Donneurs de voix : Projet collectif | Durée : 1h 38min | Genre : Philosophie


Platon

« « Me dirais-tu bien, Socrate, si la vertu peut s’enseigner, ou si elle ne le peut pas et ne s’acquiert que par la pratique ; ou enfin si elle ne dépend ni de la pratique ni de l’enseignement, et si elle se trouve dans les hommes naturellement, ou de quelque autre manière ? » (Ménon).
Cette question, si doctement formée par Ménon était une question débattue traditionnellement à Athènes devant les élèves des Grands Sophistes. Elle trouve, pourtant, en Socrate, un élève indocile. Il voudrait, en effet, obtenir d’abord une définition de la vertu, pour pouvoir déterminer sa réponse à cette question. Dans cet effort de recherche d’une définition, Ménon va s’épuiser, et il faudra finalement l’aide d’un interlocuteur inattendu, un petit esclave de ce même Ménon, pour qu’apparaisse le principe d’une réponse vraie, dans la thèse selon laquelle « apprendre » n’est rien d’autre que « se ressouvenir ». Mais Ménon ne cessera de vouloir précipitamment revenir à la réponse dans les termes de sa question initiale.
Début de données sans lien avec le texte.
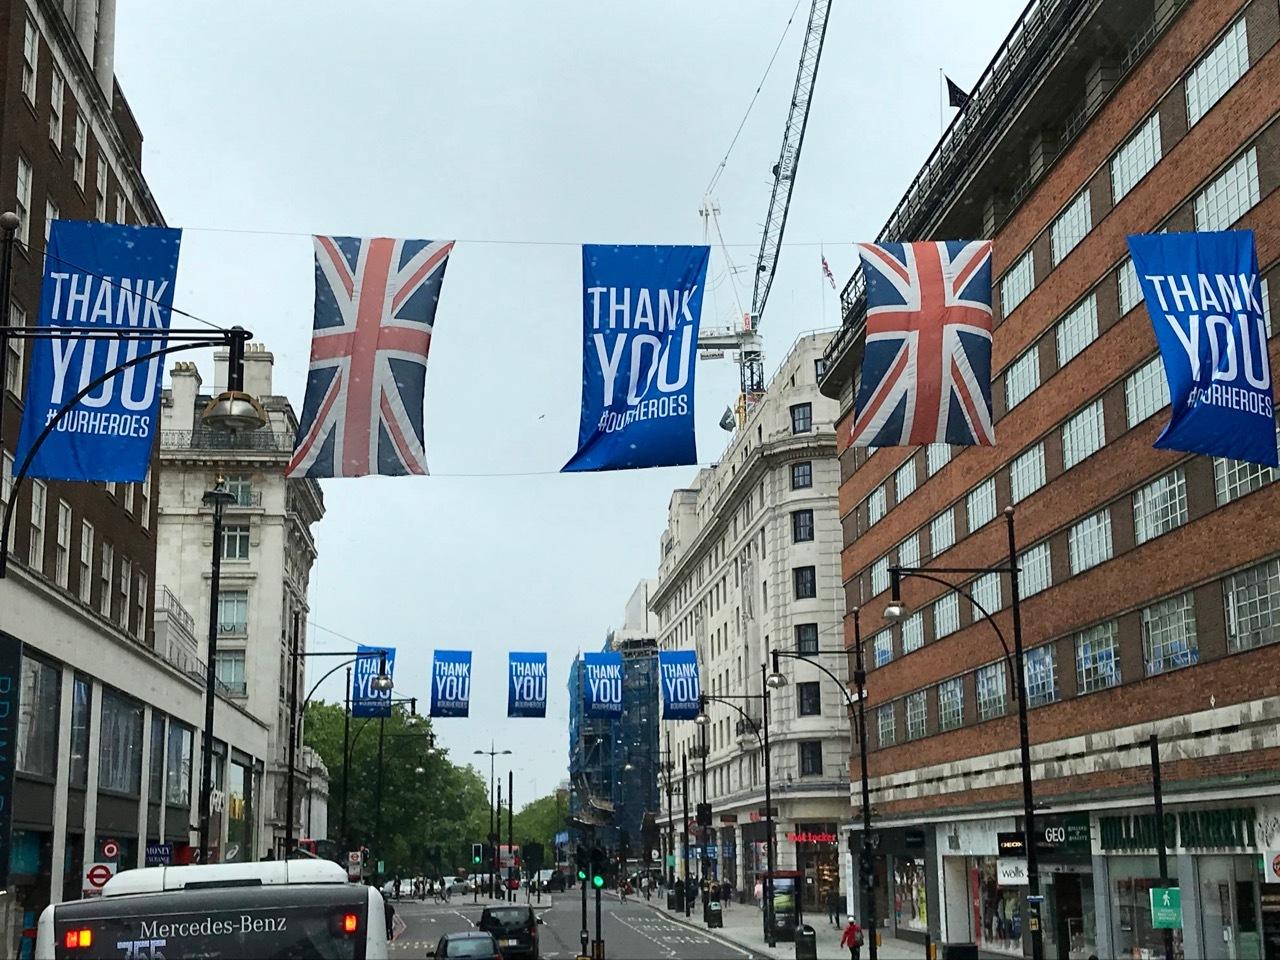 ロックダウン以来4ヶ月ぶりに見たロンドン市内_e0114020_22455056.jpg

Aussi, même en adaptant la méthode, et en prenant l’avis d’Anytos (futur accusateur de Socrate) sur l’existence de maîtres de vertu, comme les Sophistes, le sens des conclusions de la discussion restera-t-il, jusqu’à la fin, entaché d’équivoque. En effet, l’absence d’une élucidation complète de la notion de vertu compromet la réussite d’une conclusion.
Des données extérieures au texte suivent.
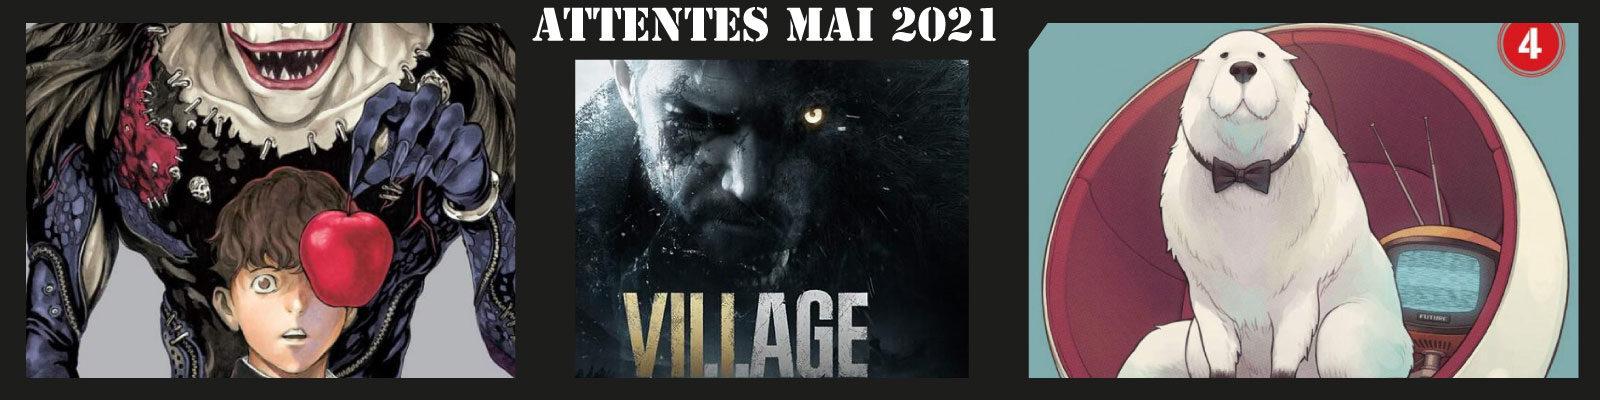 attente-mai 2021-2

La fin du dialogue semble donc sans conclusion. Pourtant, l’invitation à s’exercer à se ressouvenir, invitation faite au beau milieu du dialogue, trouve, à la fin de celui-ci, un terrain propice puisqu’il « s’est passé » quelque chose. Il faudra donc chercher et se souvenir de l’idée. Un maître d’esclave comme Ménon comprend-il la leçon, en quittant Socrate ? pourra-t-il oser repenser à la discussion menée avec l’esclave pour s’y instruire ? Saura-t-il changer de regard et de manière de vivre ?

Traduction : Victor Cousin (1792-1867).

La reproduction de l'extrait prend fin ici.